▶ What you will do
The listing below is to be copied exactly, with pictures excluded.

▶ Source data

++++++++++

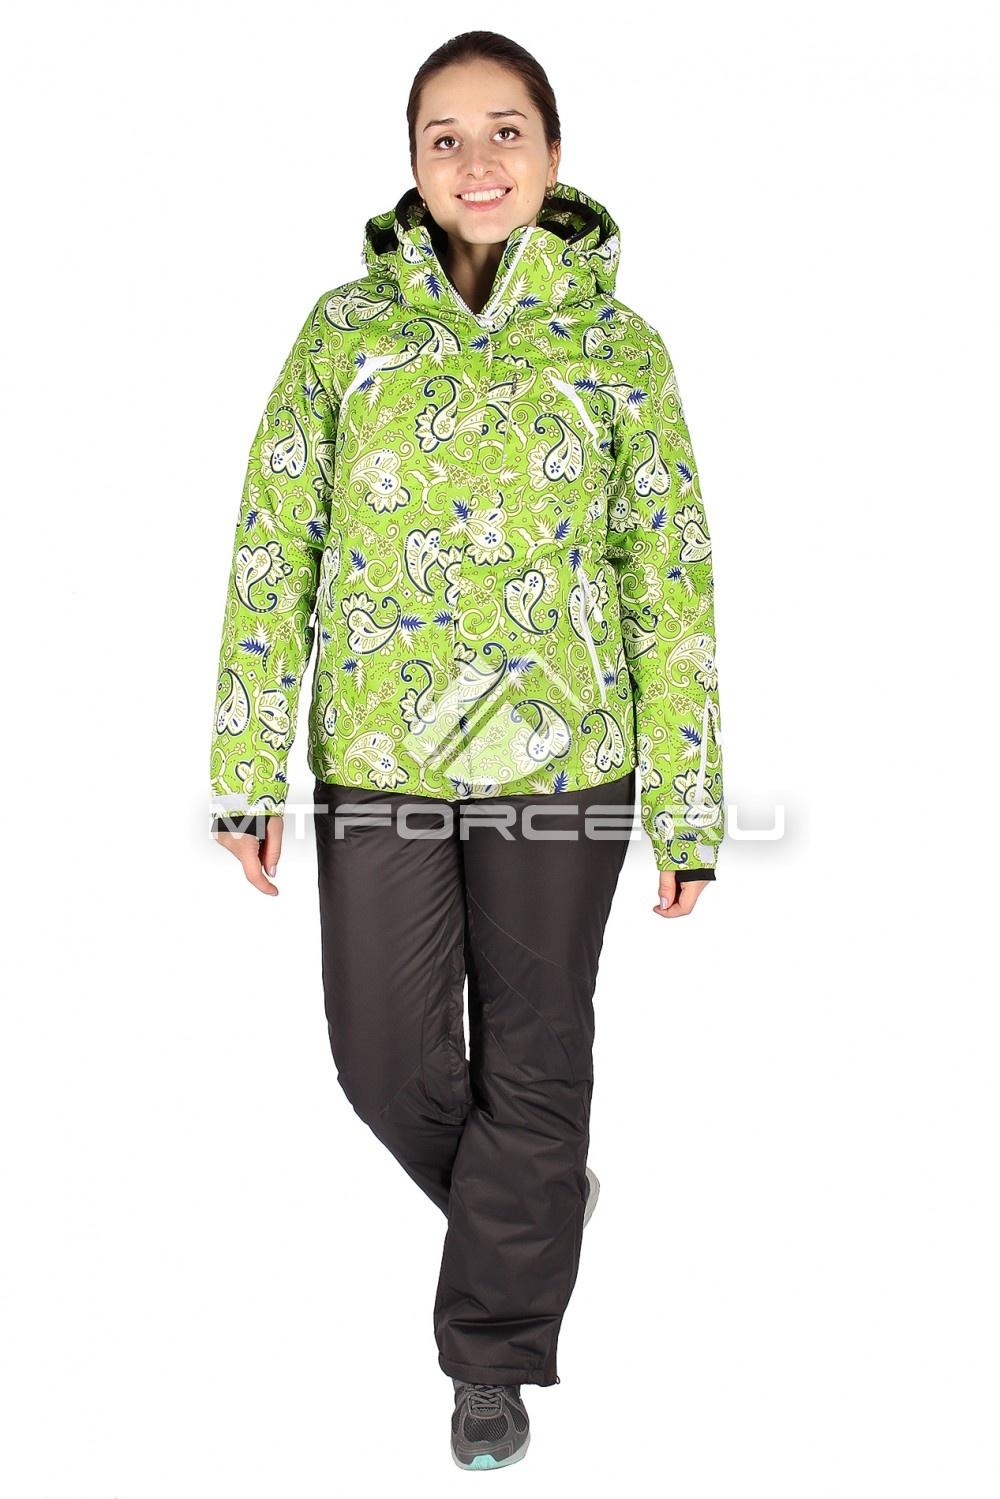 Купить                                  оптом Костюм горнолыжный женский зеленого цвета 01433Z
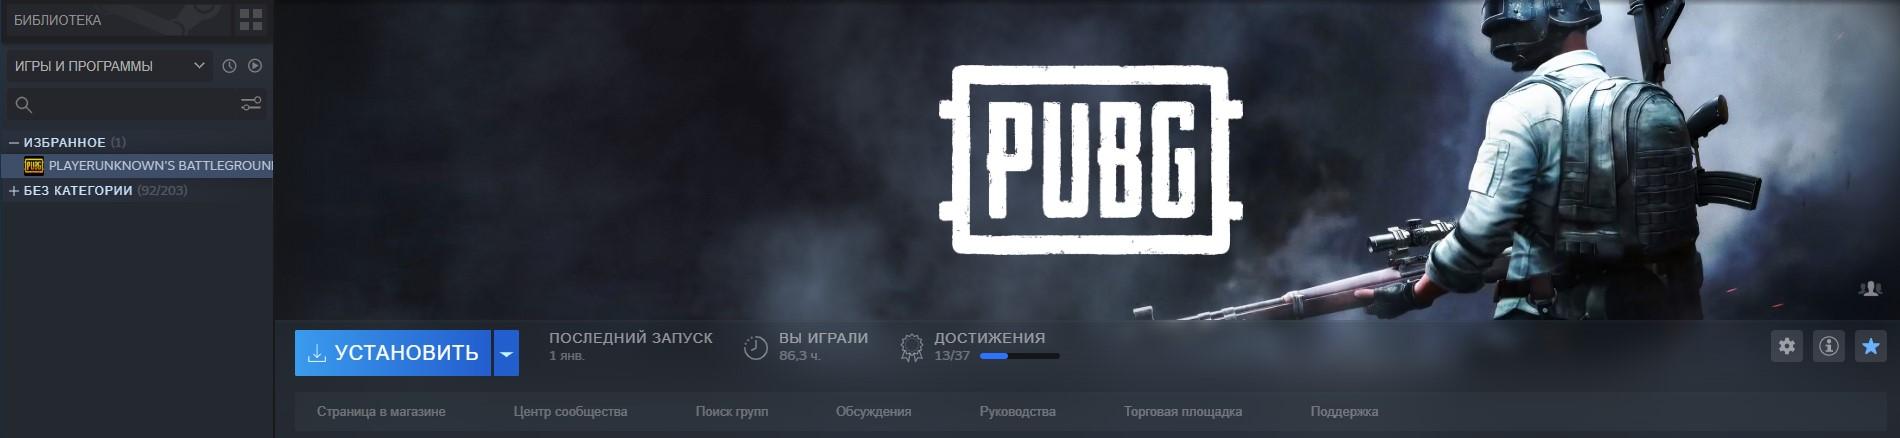 Анимированная обложка и фон PUBG в Steam
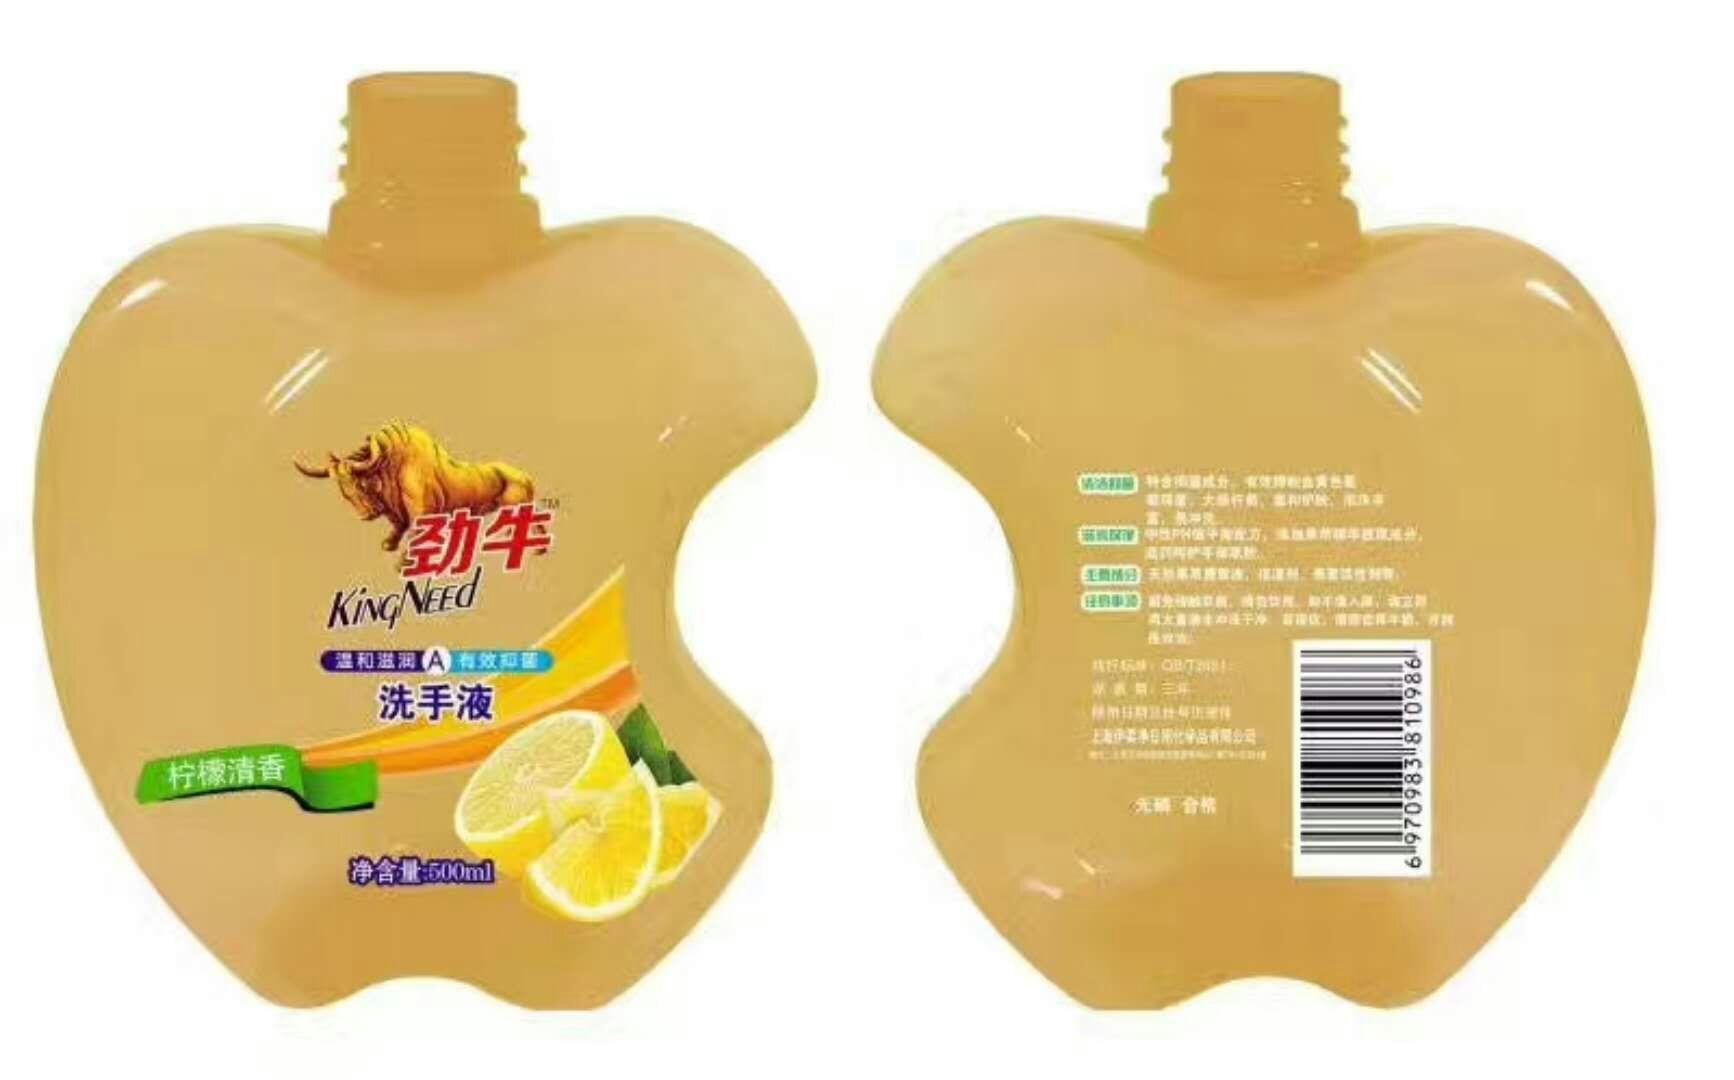 劲牛洗手液500g《三瓶》
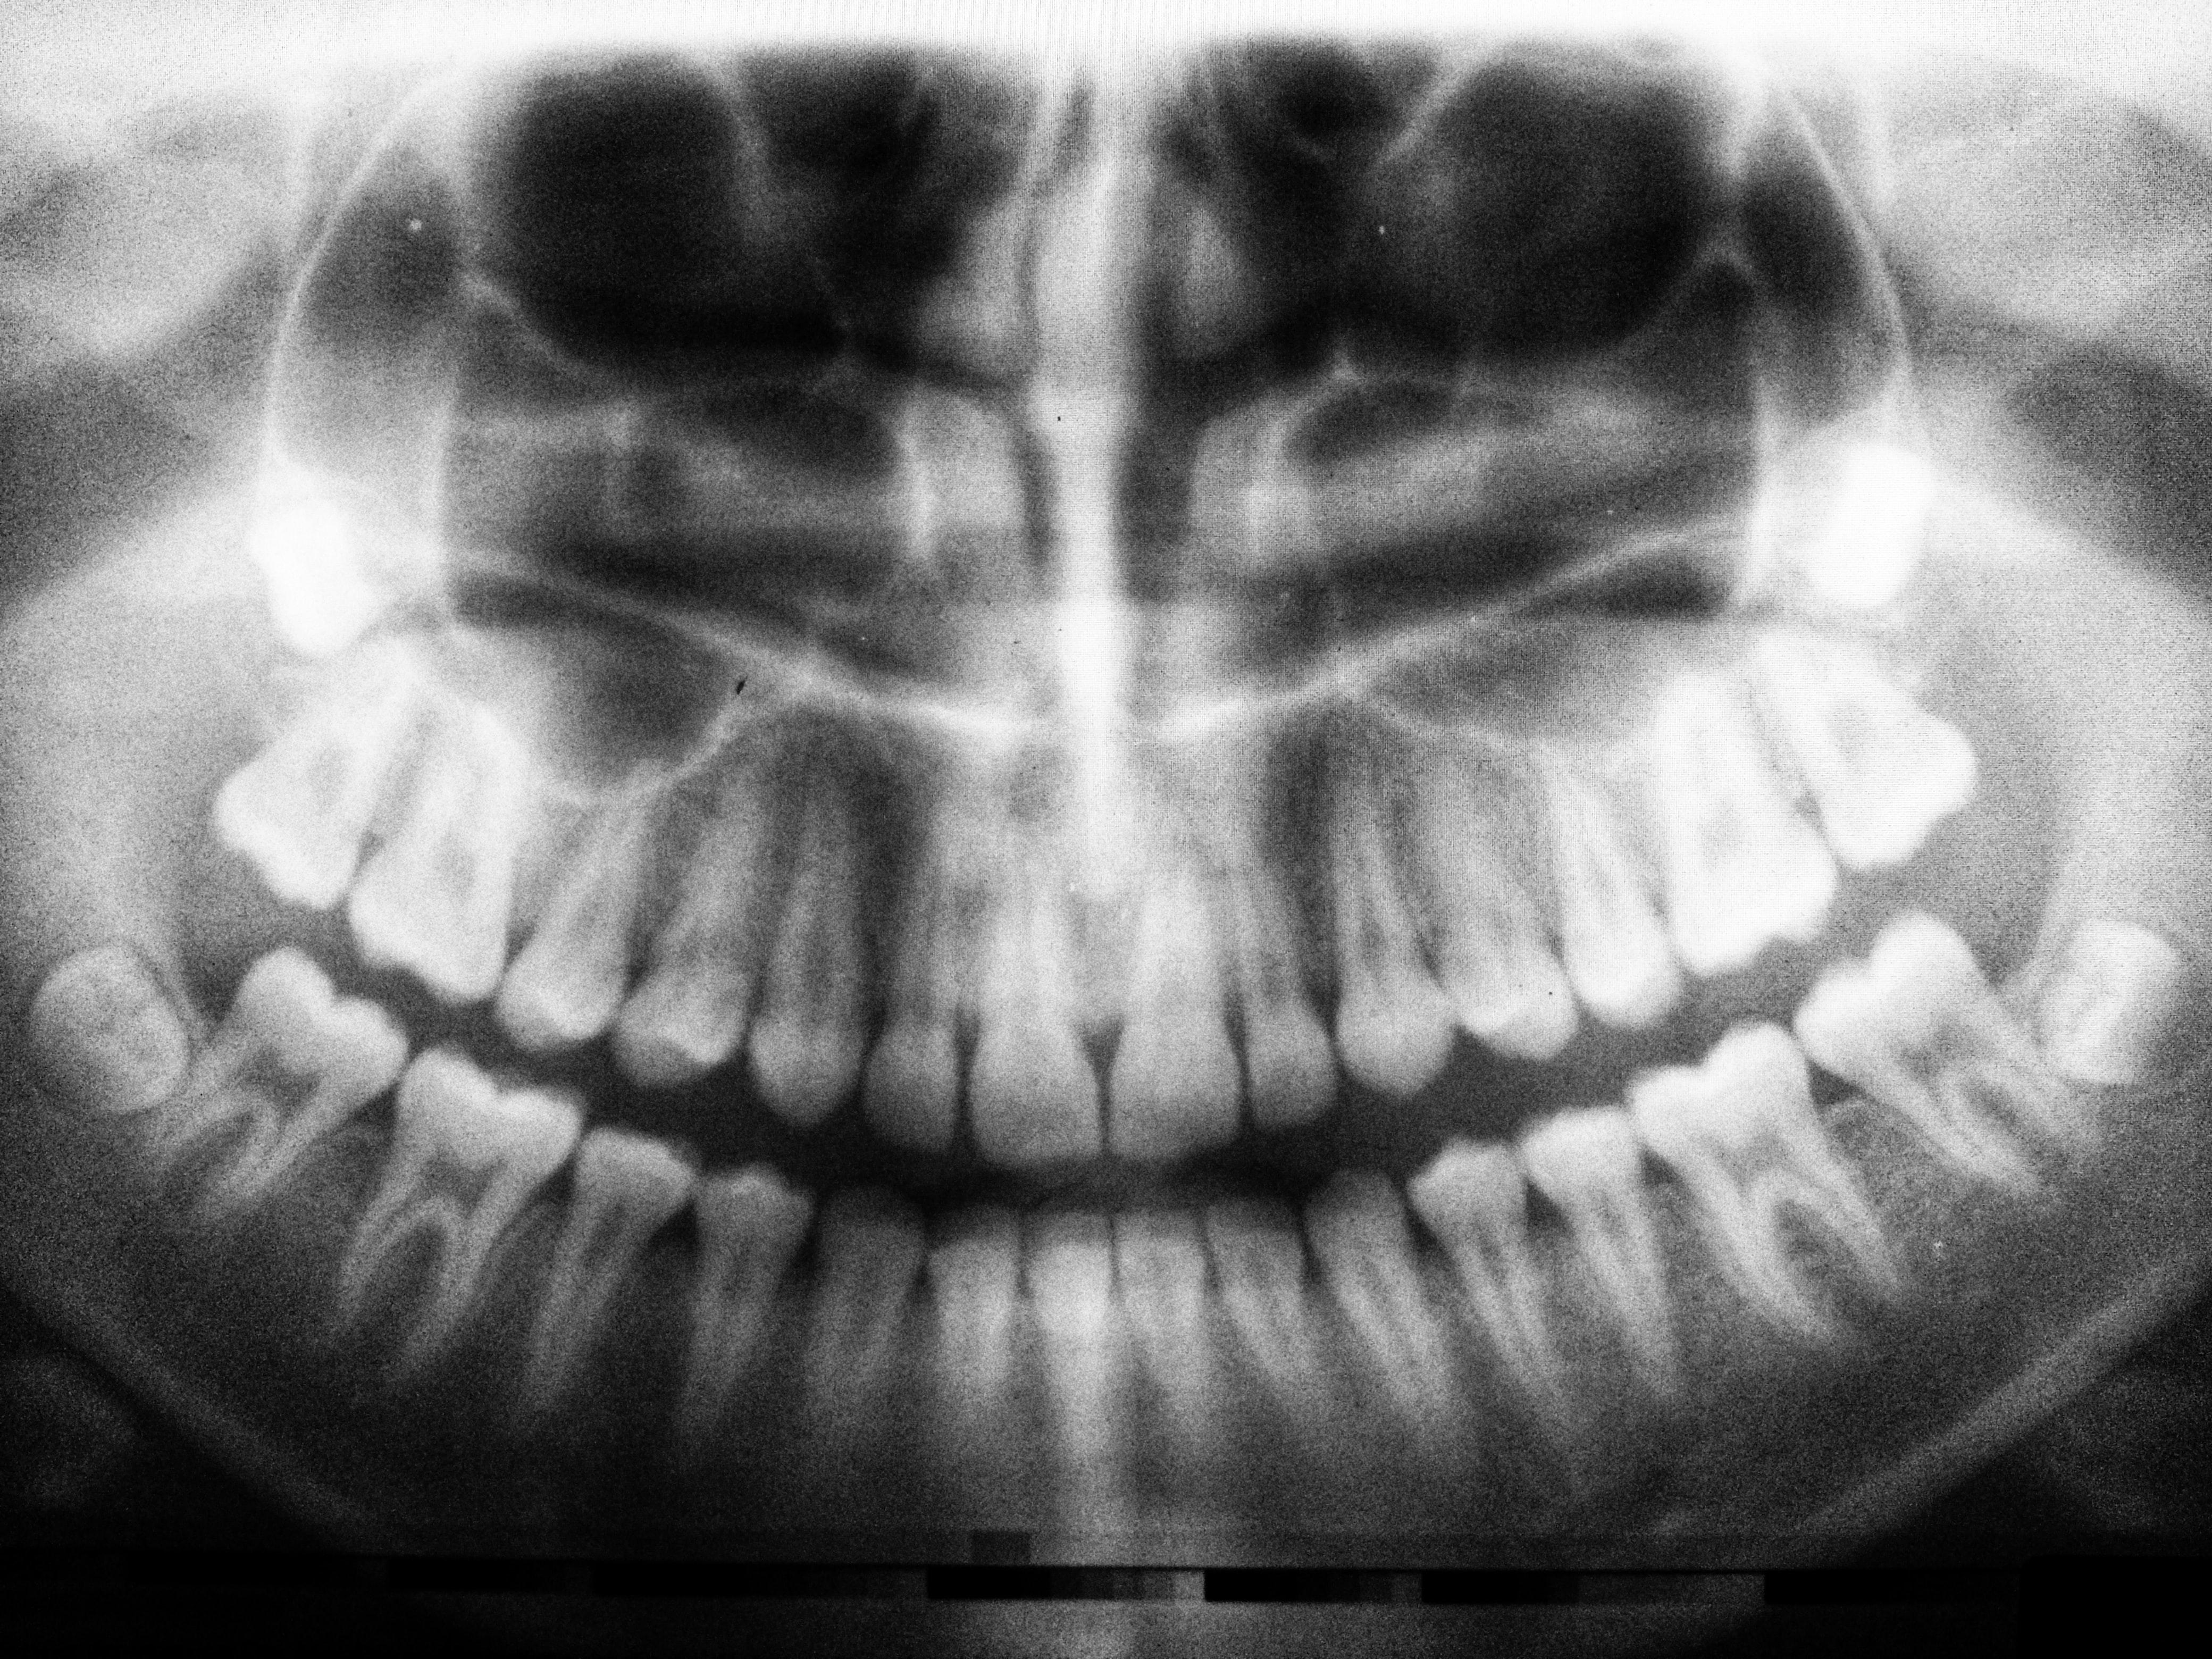 PAN x-ray

++++++++++

▶ Answer
 Купить                                  оптом Костюм горнолыжный женский зеленого цвета 01433Z
 Анимированная обложка и фон PUBG в Steam
 劲牛洗手液500g《三瓶》
 PAN x-ray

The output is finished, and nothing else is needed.